What to produce:
Print the data exactly. Omit the pictures.

Given information:
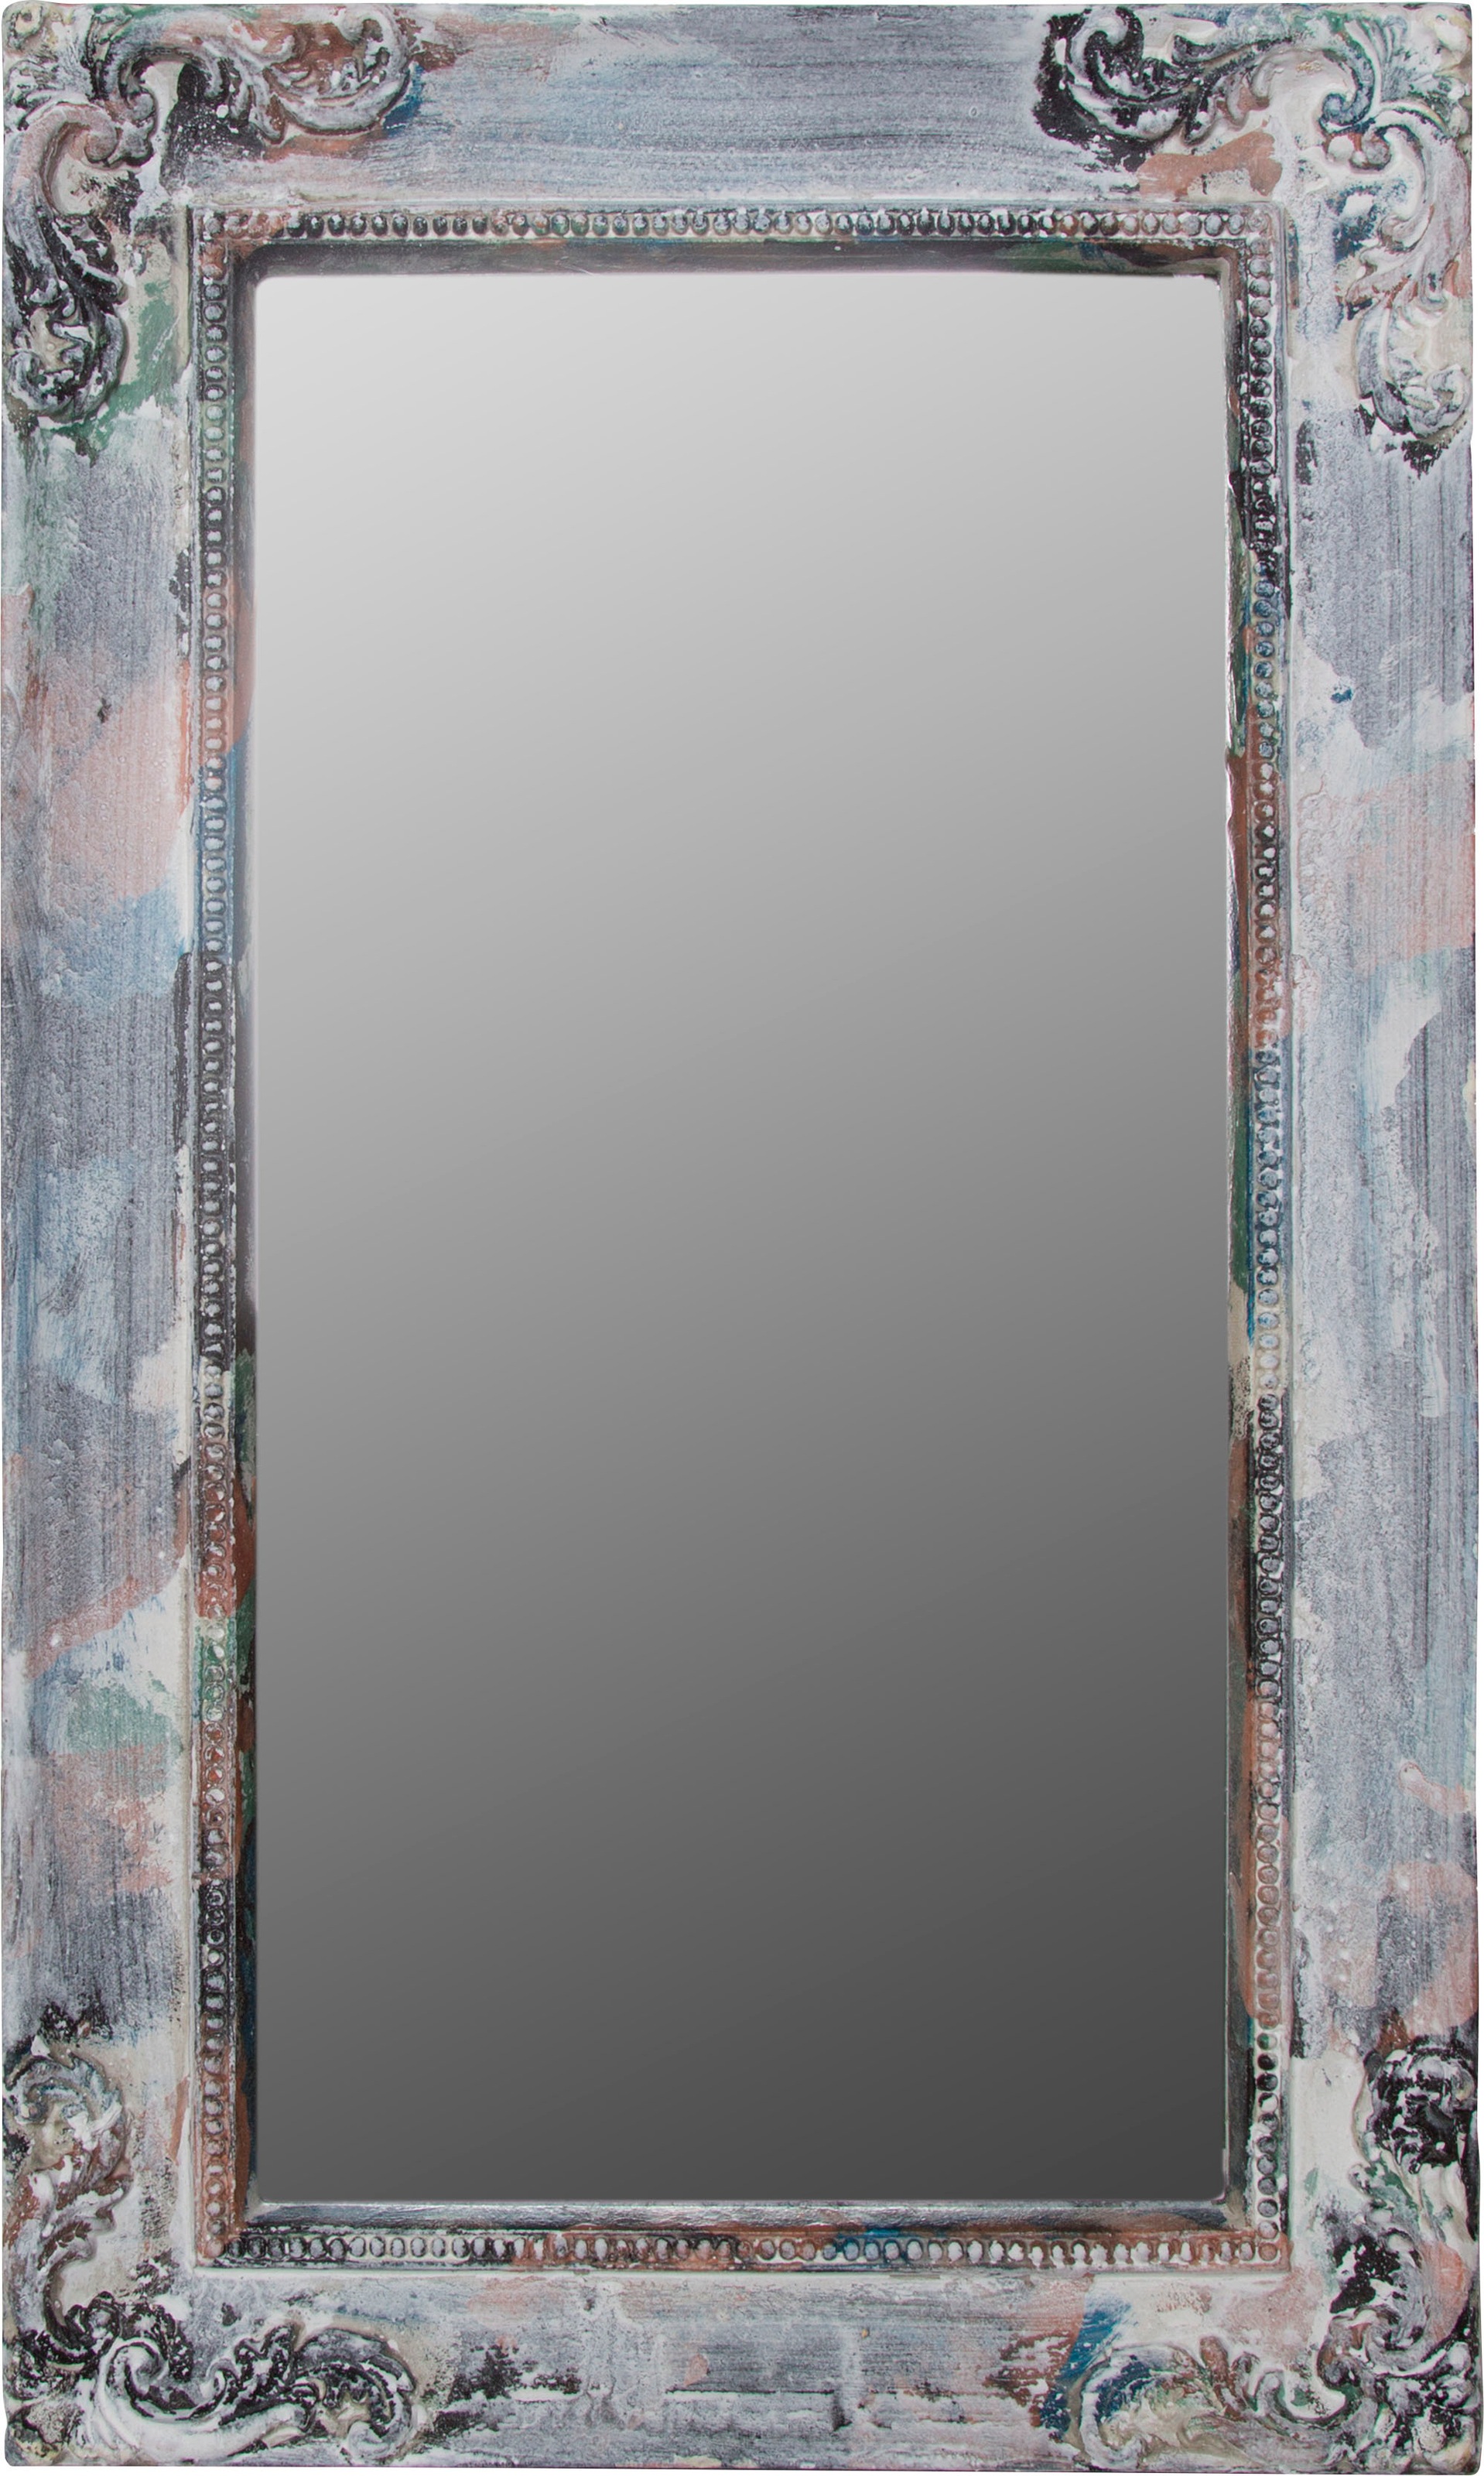 Myflair Möbel & Accessoires Wandspiegel »Manja«, (1 St.), rechteckig, verzierter Rahmen aus Holz, Shabby Optik
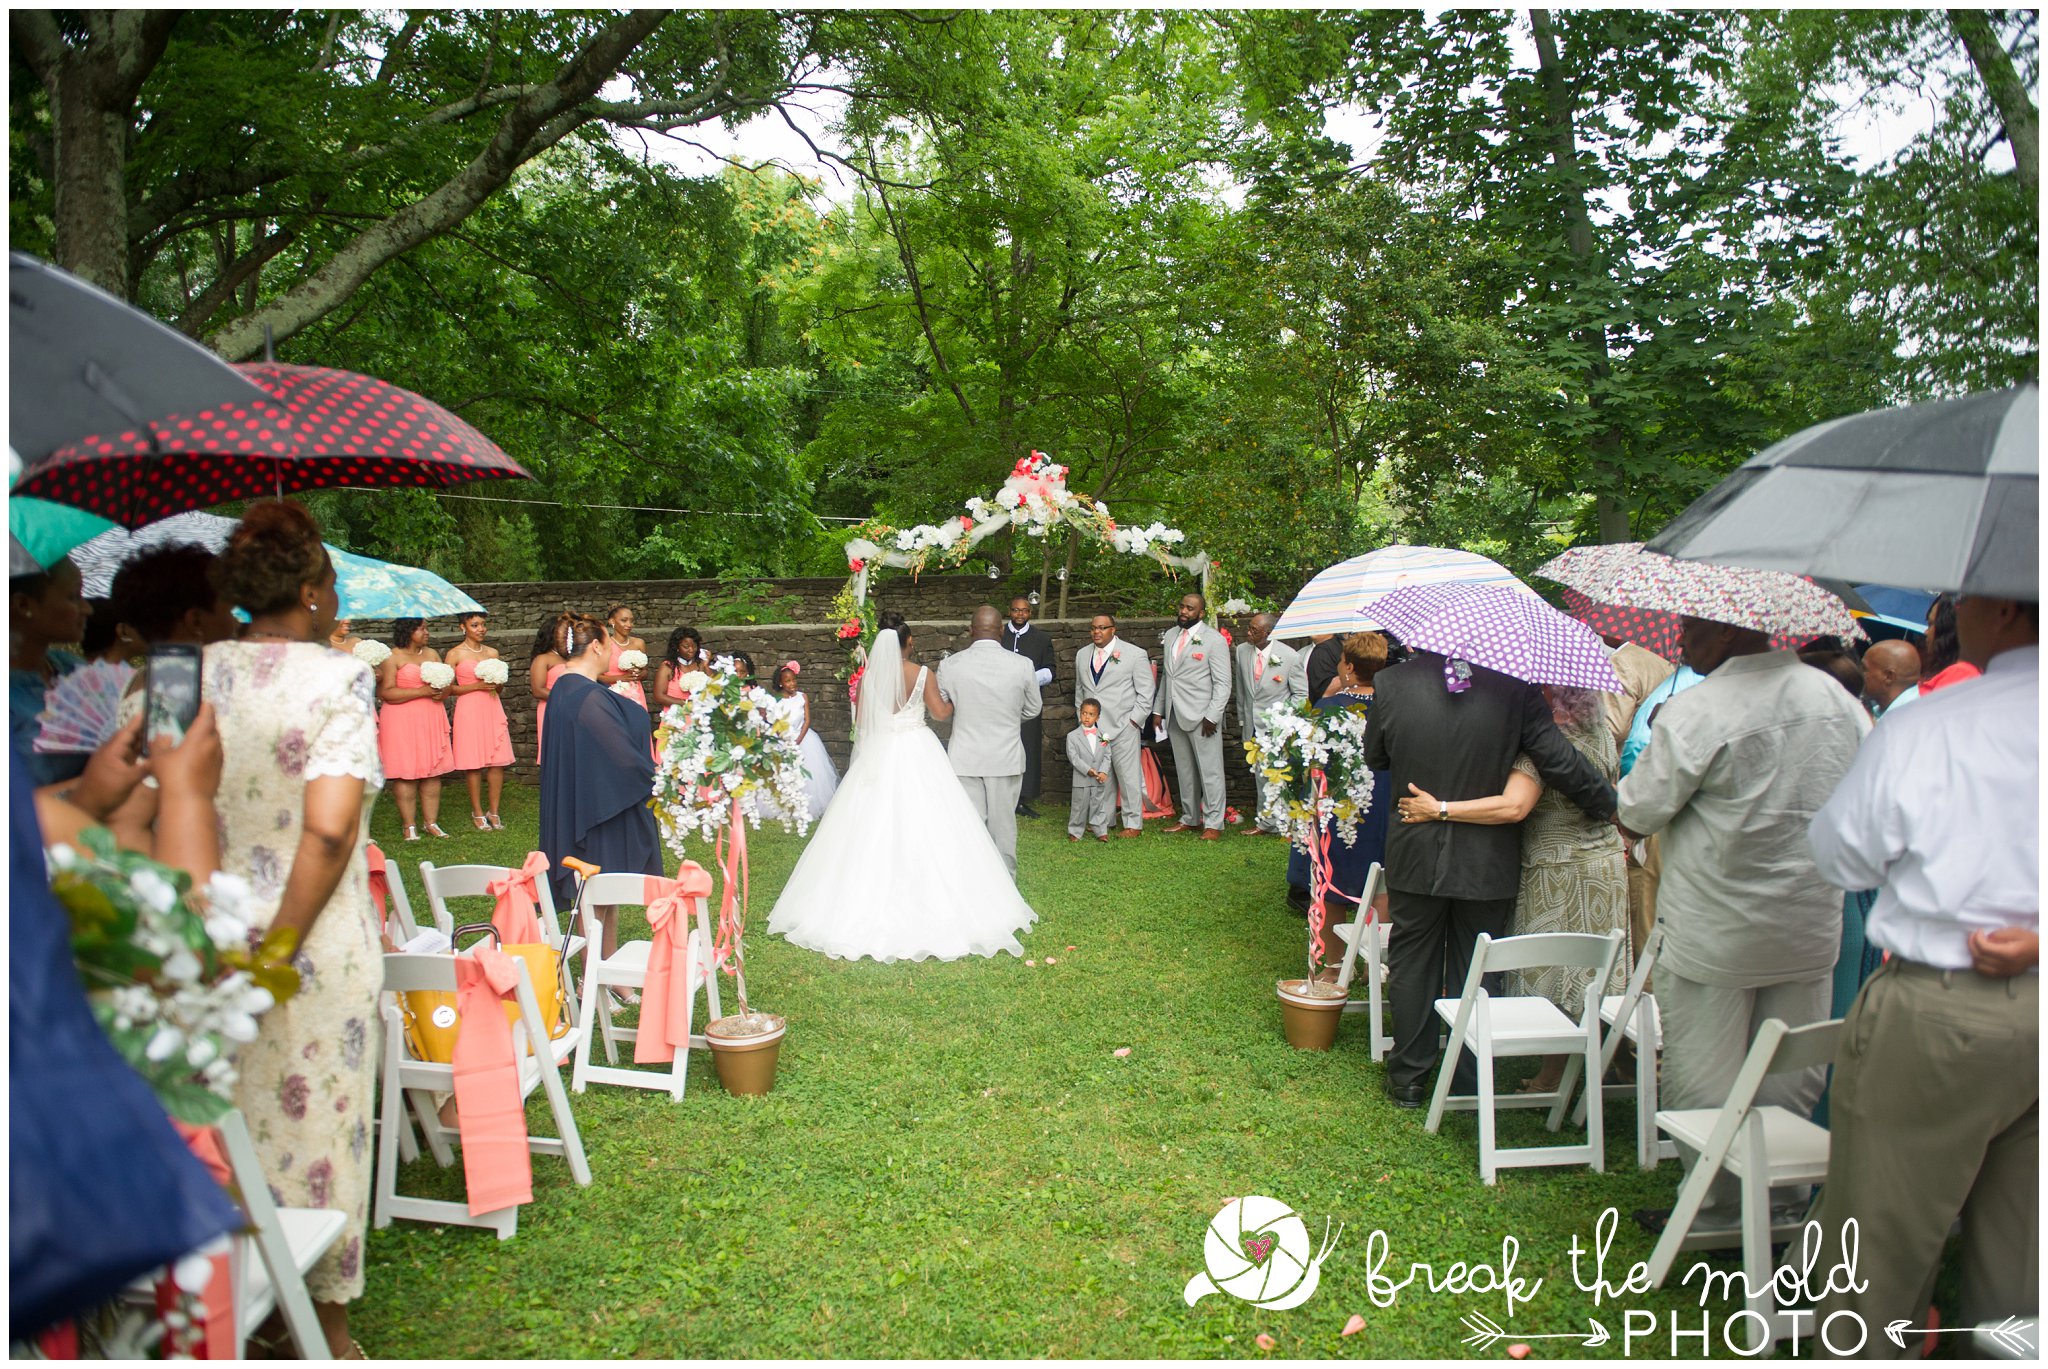 break-the-mold-photo-june-wedding-garden-rain-unique_7991.jpg
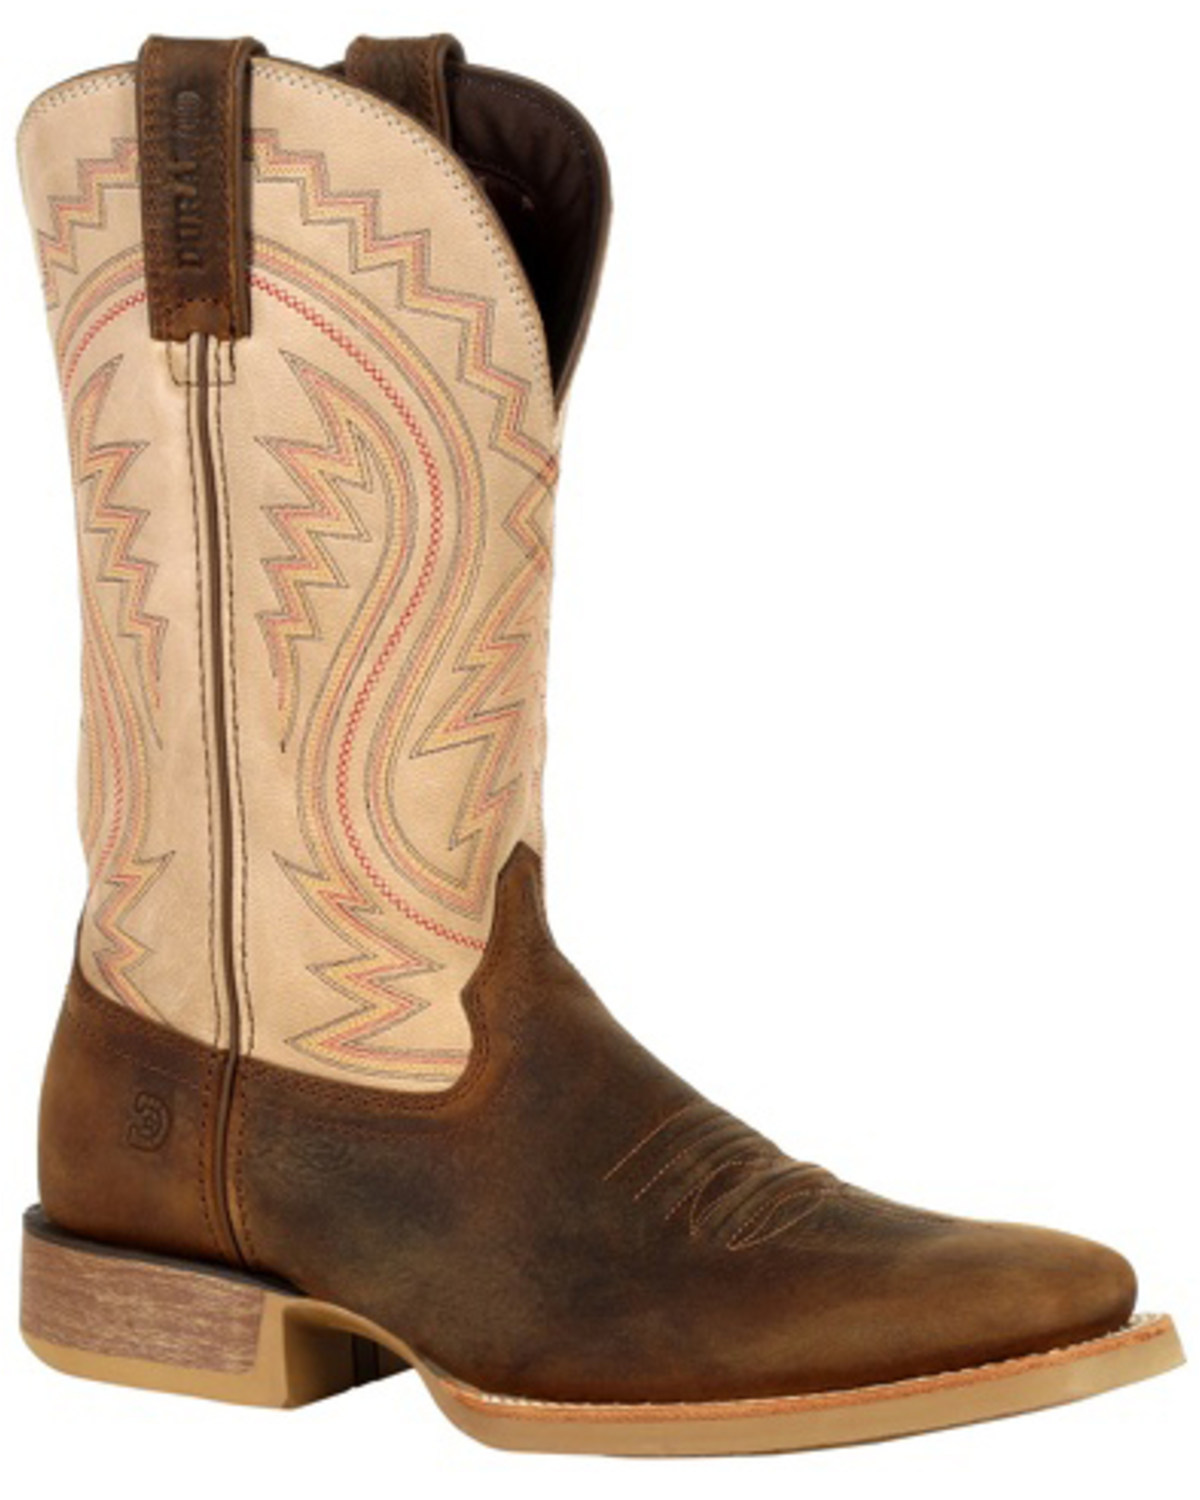 Durango Men's Rebel Pro Western Boots - Broad Square Toe

Solution:
 Myflair Möbel & Accessoires Wandspiegel »Manja«, (1 St.), rechteckig, verzierter Rahmen aus Holz, Shabby Optik
 break-the-mold-photo-june-wedding-garden-rain-unique_7991.jpg
 Durango Men's Rebel Pro Western Boots - Broad Square Toe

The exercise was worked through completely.